NetherRealm Studios recently announced Mortal Kombat 1 would release this year alongside other fighting game titans Tekken 8 and Street Fighter VI. While being in the upper echelon of prestige when it comes to fighting game franchises, Mortal Kombat has always been the scrappy younger brother of the two top dogs of the FGC, as it has a long and storied history of attempting out-of-the-box ideas to keep its legacy in the same conversation as the two previously mentioned mainstays.
These out-there ideas range from a complete switch-up to the core identity of MK‘s combat, the inclusion of various single-player campaigns that range from 3D brawlers to puzzle games, and party modes like chess. While some of these attempts fall more into the novelty camp, the act of seeing which player leaves the lobby with limbs intact has always been the central focus of the mainline MK releases. With a malleable identity, MK has shifted from 2D to 3D both visually and mechanically, experimented with gameplay quirks like fighting styles and weapons, and even upped its ambition and writing for single-player stories, helping make the series the king of reinvention in the fighting game sphere.

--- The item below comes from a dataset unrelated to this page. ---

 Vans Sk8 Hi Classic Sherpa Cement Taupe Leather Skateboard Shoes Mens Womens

Switching Up Mortal Kombat’s Style
One thing the Mortal Kombat series manages to bring to the table with every nearly subsequent release is a different feel for the identity of the fights. The original MK was a spectacle that played heavy and clunky, with the gore and violence ultimately being its main selling point. That was still a part of the MK identity by the time Ultimate Mortal Kombat 3 hit arcades, but the combat system advanced, allowing players to apply more corner pressure with combos that weren’t just infinite loops. This helped diversify the MK series without sacrificing the violent spectacle and over-the-top silliness that made the series unique.
While Mortal Kombat 4‘s only major advancement in the series was the move from 2D graphics to full 3D, 2003’s Mortal Kombat: Deadly Alliance saw the next major shift in the series. Deadly Alliance shifted to 3D fighting mechanics, straying away from the Street Fighter comparisons and instead opting to be more like Tekken or Dead or Alive. It also introduced individual fighting styles for every character. Up to this point, each character played the exact same except for their special moves and fatalities. Deadly Alliance addressed this issue by introducing multiple unique fighting styles that players could cycle through during fights, offering more variety and strategy in the core combat.

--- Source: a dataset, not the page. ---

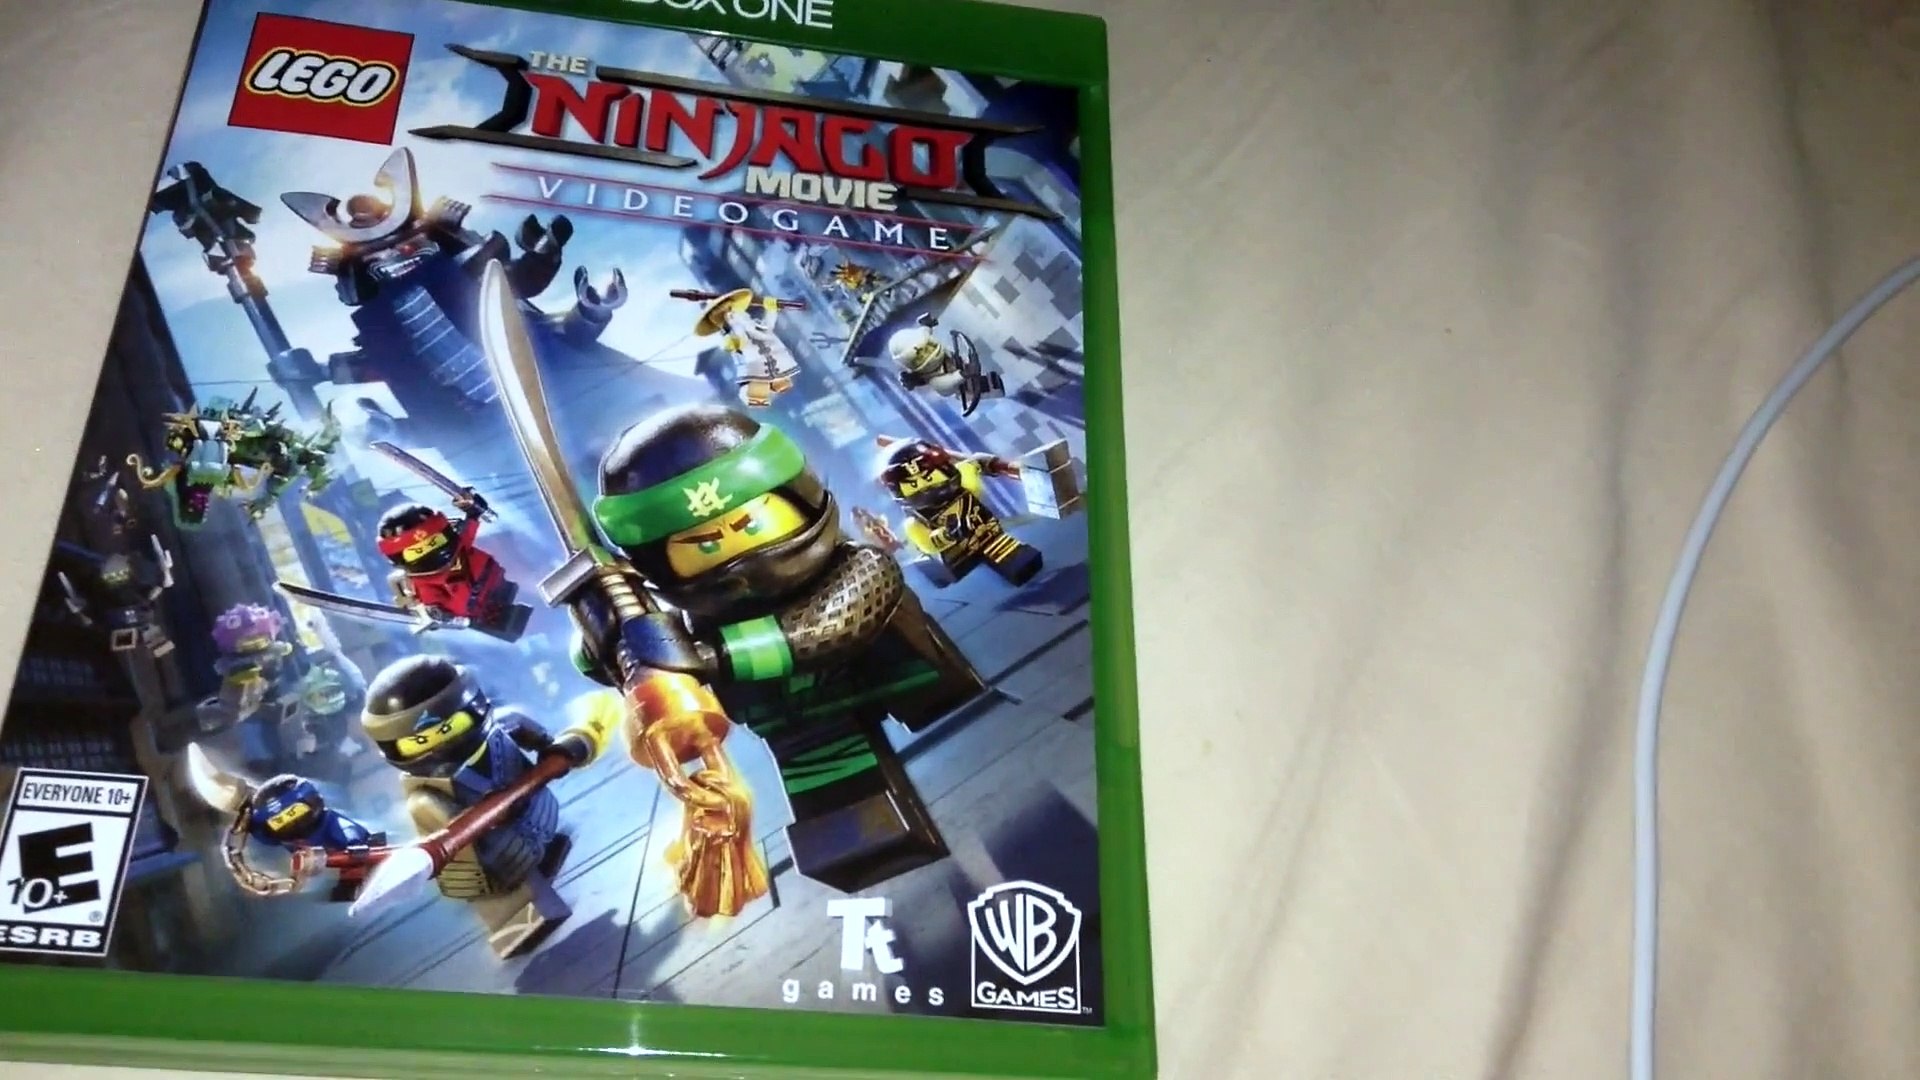 The Lego Ninjago Video Game (Xbox One) Unboxing - video Dailymotion

Mortal Kombat: Deception went on to sharpen the 3D style before several lackluster releases and the shutdown of developer Midway Games put the series on hiatus. The series then returned to its 2D roots in 2011’s Mortal Kombat, ushering in the current era of MK games where skill and competition drive the focus of the gameplay. With a more fluid combo system, different fighting styles and an emphasis on heavy/brutal combat, the series has become an amalgamation of the better ideas of past games. While each subsequent release from this point on has maintained a certain degree of consistency, the finer details continue to be tuned to more modern sensibilities, helping the MK franchise establish itself as a competitively viable alternative to more traditional 2D fighter games.

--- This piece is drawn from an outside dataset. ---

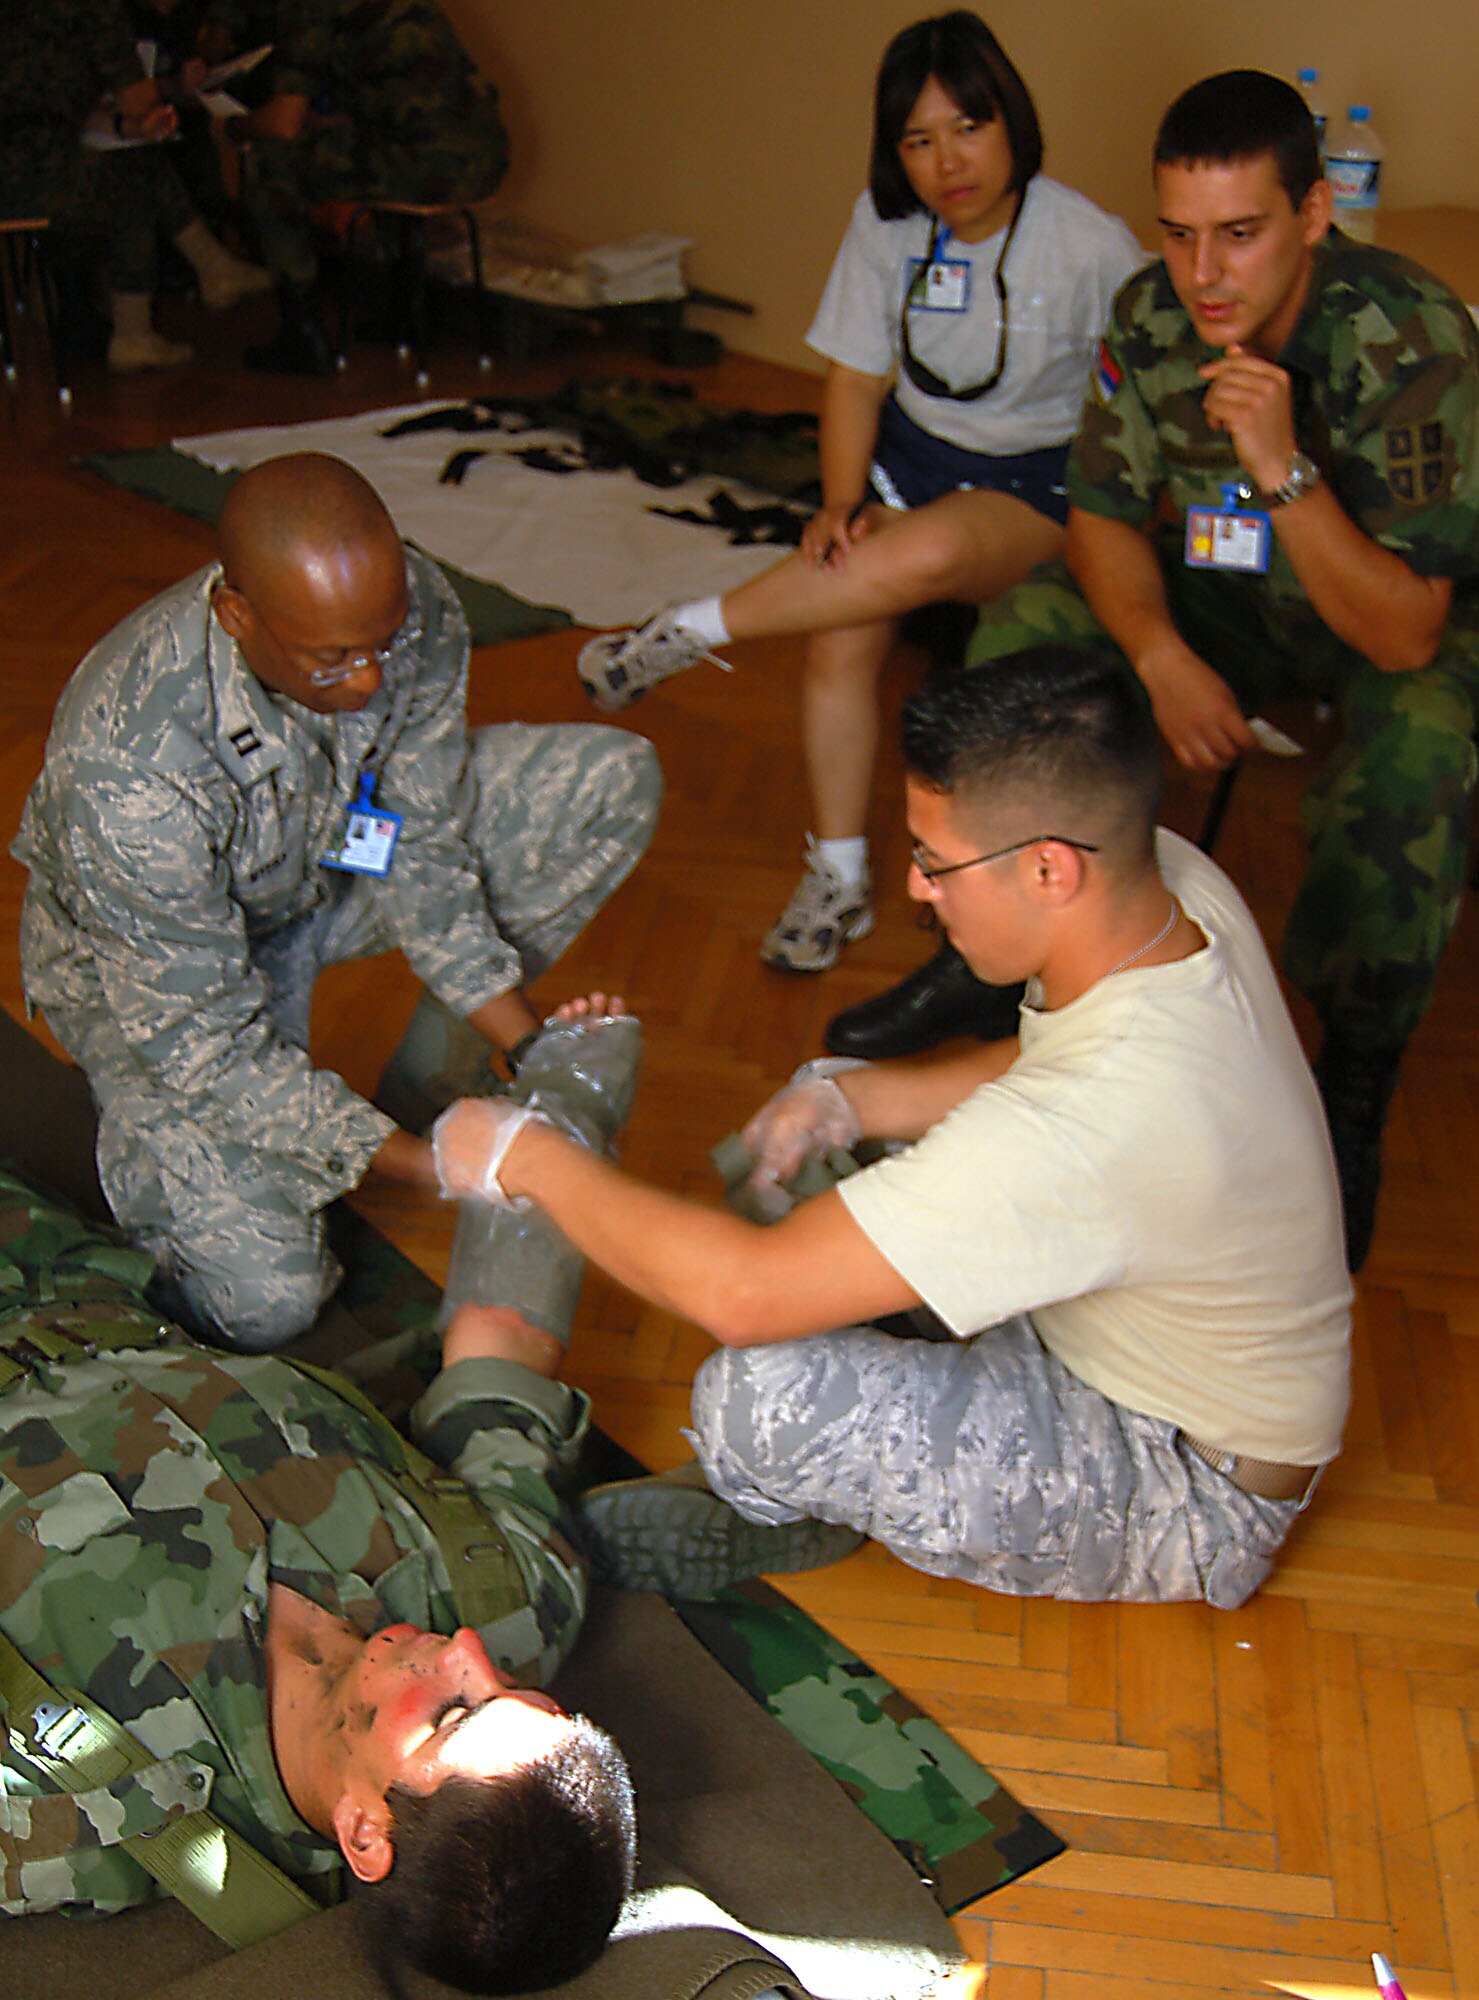 NIS, Serbia – Capt. Radcliffe Myers, 86th Medical Operations Squadron clinical nurse at Ramstein Air Base, Germany; and Staff Sgt. Brayan Jimenez, 86th Aerospace Medicine Squadron medic, also from Ramstein AB; practice applying dressing and bandages to a simulated burn victim played by Stefan Krstic, Serbian Armed Forces soldier, while Capt. Roslyn Thomas, Landstuhl Regional Medical Center nurse in Landstuhl, Germany, and Senior Sgt. Nenad Stevanovic, SAF medical support commander, discuss the process during a military medical training exercise in Central and Eastern Europe, or MEDCEUR 2009, trauma nursing training course taught by members of SAF medics Sept. 4. (U.S. Air Force photo/Senior Airman Kali L. Gradishar)

Including Interesting Single-Player Options for Mortal Kombat
One way the Mortal Kombat series has managed to differentiate itself is through its emphasis on single-player content. While the original three games stuck to the time-tested tradition of climbing the single-player ladder, Midway began deviating from this approach with 2002’s Mortal Kombat: Deadly Alliance. While the initial attempt at a dedicated single-player campaign was initially half-baked, as Deadly Alliance used it more for individual character tutorials to familiarize players with the new fighting styles, the game also introduced the first iteration of The Krypt. This is a feature where players can traverse a graveyard and use in-game Koins to purchase concept art, characters and costumes.
While 2004’s Mortal Kombat: Deception kept the same general approach to The Krypt, Midway revamped the single-player campaign by introducing various over-world-based levels and some minor 3-D brawler mechanics. Deception’s campaign allowed players to explore Earth Realm and Outworld while interacting with and fighting various characters from the Mortal Kombat universe. This campaign was also a precursor to 2005’s Mortal Kombat: Shaolin Monks — a single-player experience that expanded on the 3D brawler elements, fleshing them out into a full game.
2011’s Mortal Kombat took a step back from the more ambitious single-player experiments, opting to focus on the writing and execution of the story. The game was a soft reboot that saw longstanding series protagonist Raiden reset the timeline, allowing the newly formed NetherRealm studios to reintroduce Mortal Kombat to the world while also forming the foundation of its identity for the newest iteration of the series. This continued as Mortal Kombat 10 and 11 kept on exploring the characters, their relationships with one another and their motivations. This helped endear players to newer characters while also giving concrete personalities to many series favorites outside several slides of story traditionally seen at the end of a single-player ladder.
Regardless of the result, Mortal Kombat has never been a series afraid to take risks. In fact, risks are baked into the heart of the series’ DNA, starting with the extreme violence that led to the creation of the ESRB to the overhaul of the fighting formula introduced in the original games, and even creating memorable single-player content that ranges from the absurdly silly to being outright engaging. For better or for worse, the Mortal Kombat series was built on the back of big swings, which has kept the series interesting for over two decades.